The underline of her eyes flinched upwards lightly at the mention of her home, but even quicker, she offered, "Then I'll go after Vesemir."

"Geralt goes with you." Everyone expected some sort of resistence, not Eskel, the first to disapprove of their bond, send them away together. Factually, he was out of options too, because he knew if he were to separate them, not only would it jeopardize their goals, but it would also just set two tiresome foes on his head.

"Lambert," Eskel continued, "I cannot go to Arcapan, since mages are more likely to sense me, than you. You go." His hand clasped his friend's shoulder, "I'll stay here, look for the fortress, in case another attack comes and we've been wrong."

"What about me?" Jaskier asked. He was already biased into completely denying going back to Arcapan, even if behind the protection of a Witcher. By what he had seen, they weren't a liked kind there especially.

"Oh," Eskel stiffened one humorously cruel smile, "you will go with your good friends, Geralt and Azaras, of course."

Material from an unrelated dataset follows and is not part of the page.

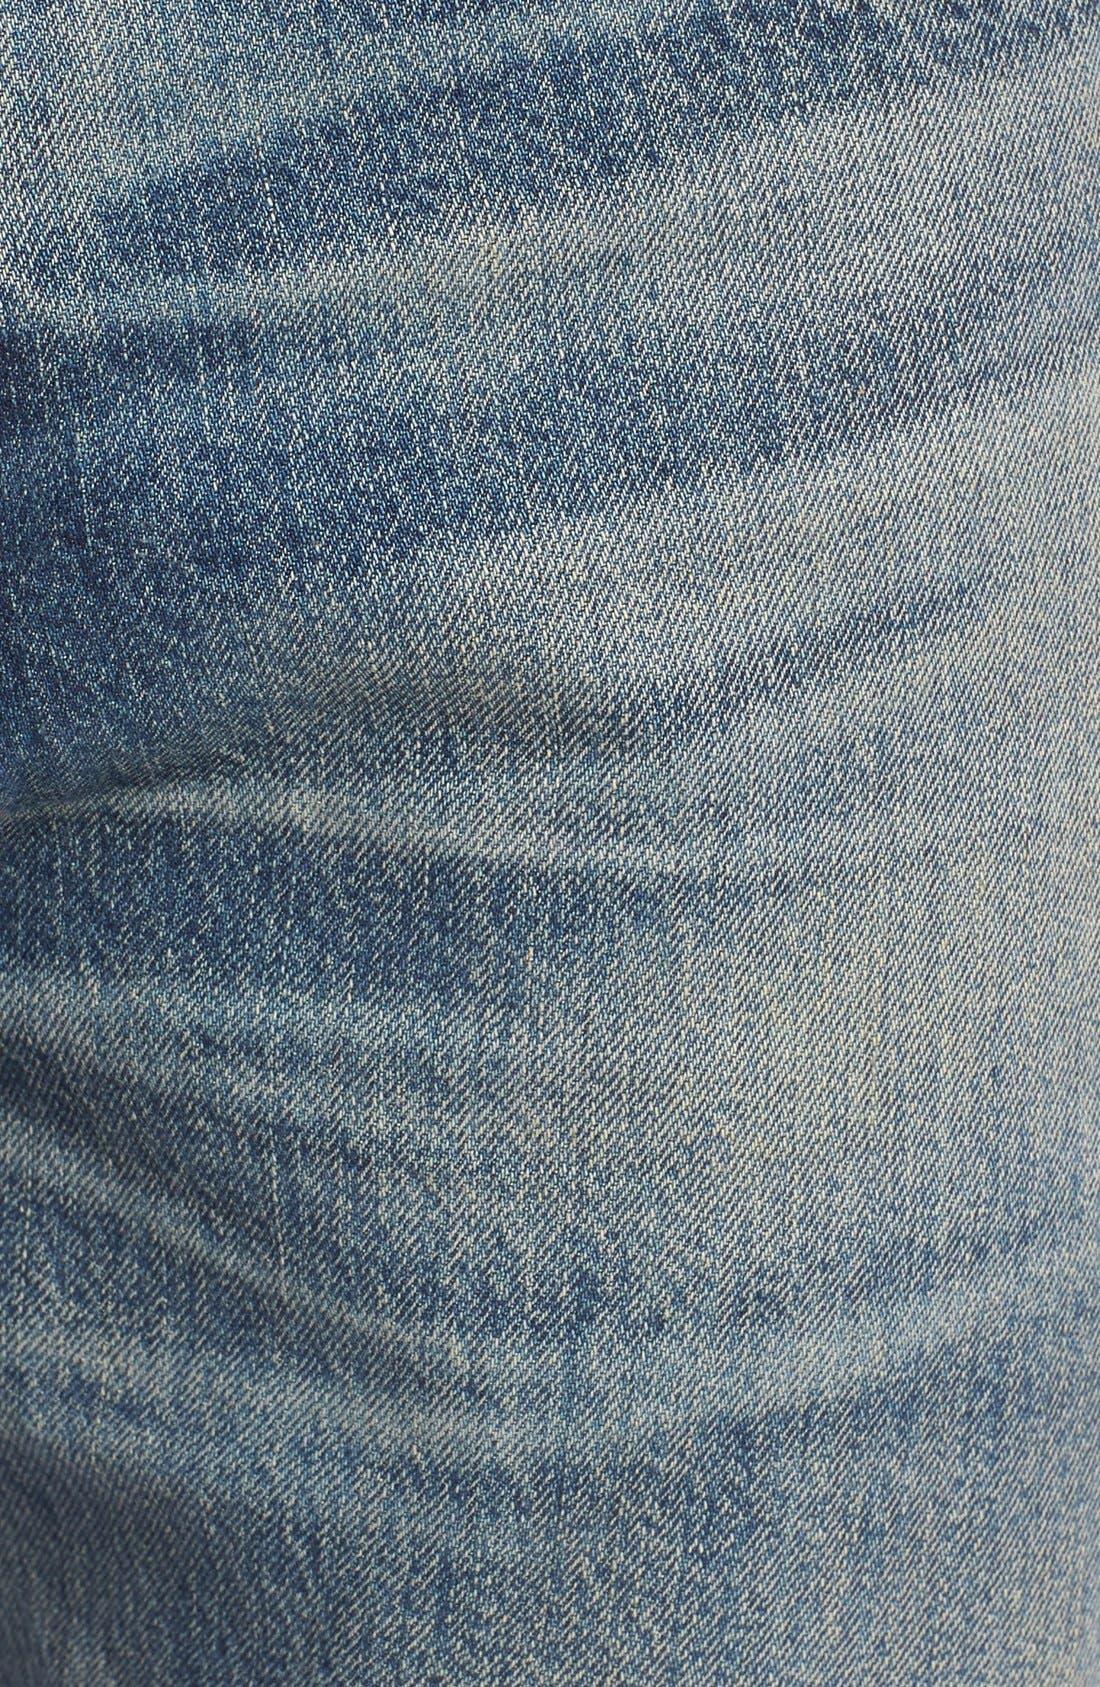 Rowan Slouchy Skinny Fit Jeans,                             Alternate thumbnail 5, color,                             462
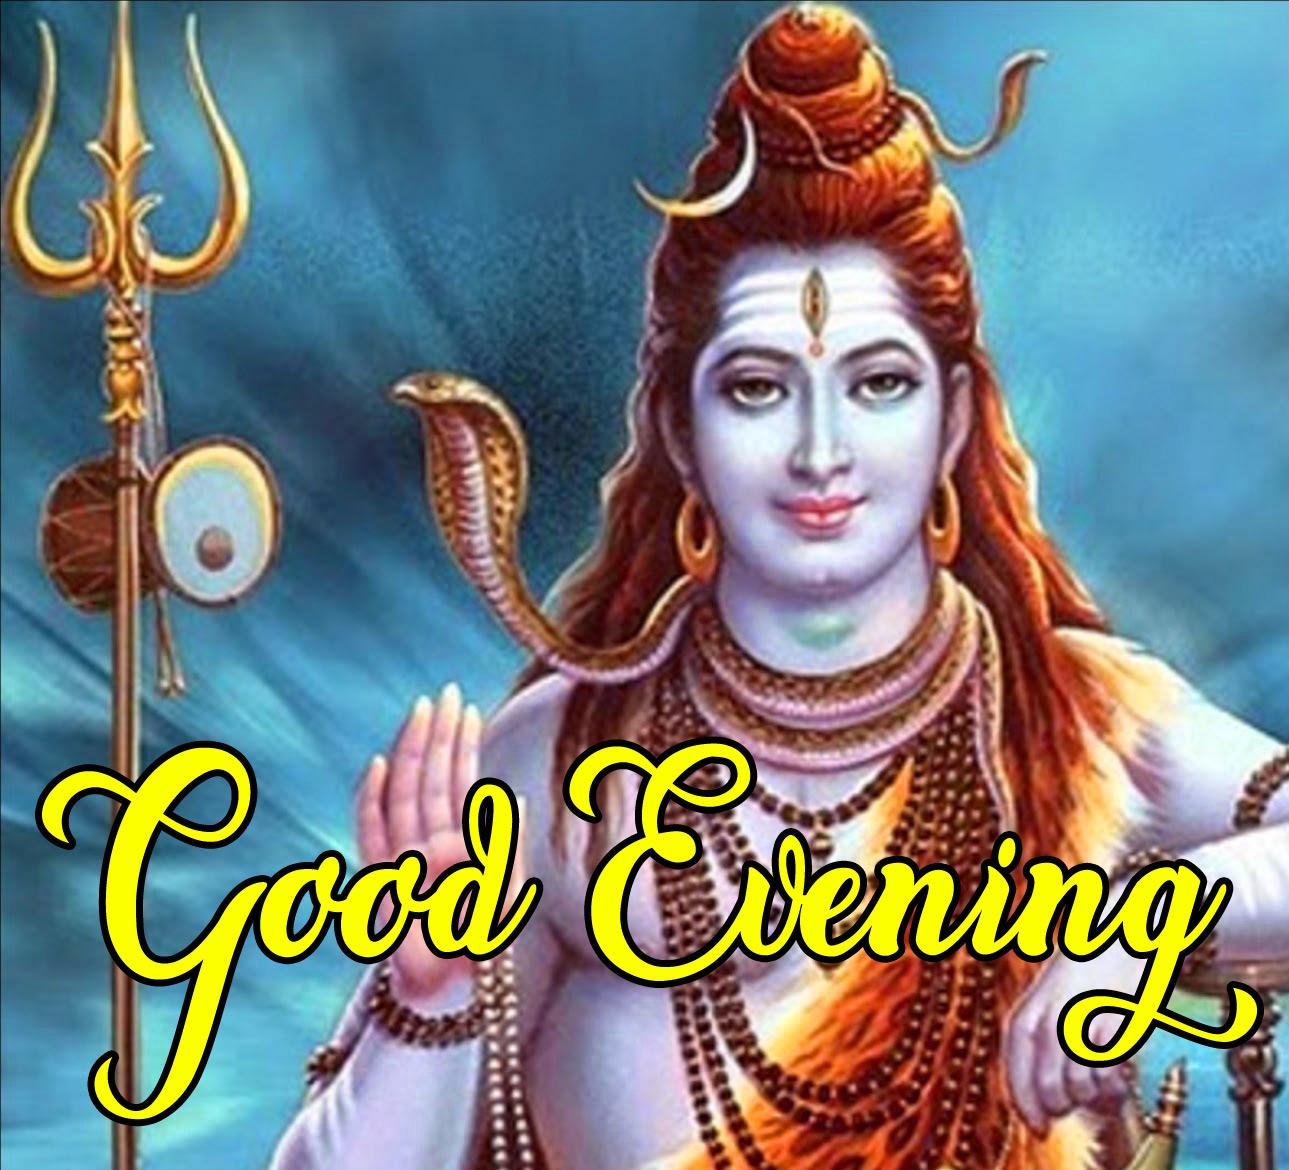 god good evening Images 16

Nothing was sweeter than seeing Geralt's visible headache already returning with the news of this burden added to a good journey west. Not everything could be perfect after all.

"Poor tiny bard," Lambert's intoxicatingly loud laughter filled the table with a pitiful tone.

To that, Azaras added the final grain of irony with her proud half grin and the raise of her chin, "Don't you worry about Jaskier. He's the perfect size to pass as our child."

author's note:   two nuances of mom-friend types adopt one loud band child so he doesn't third wheel on their dates.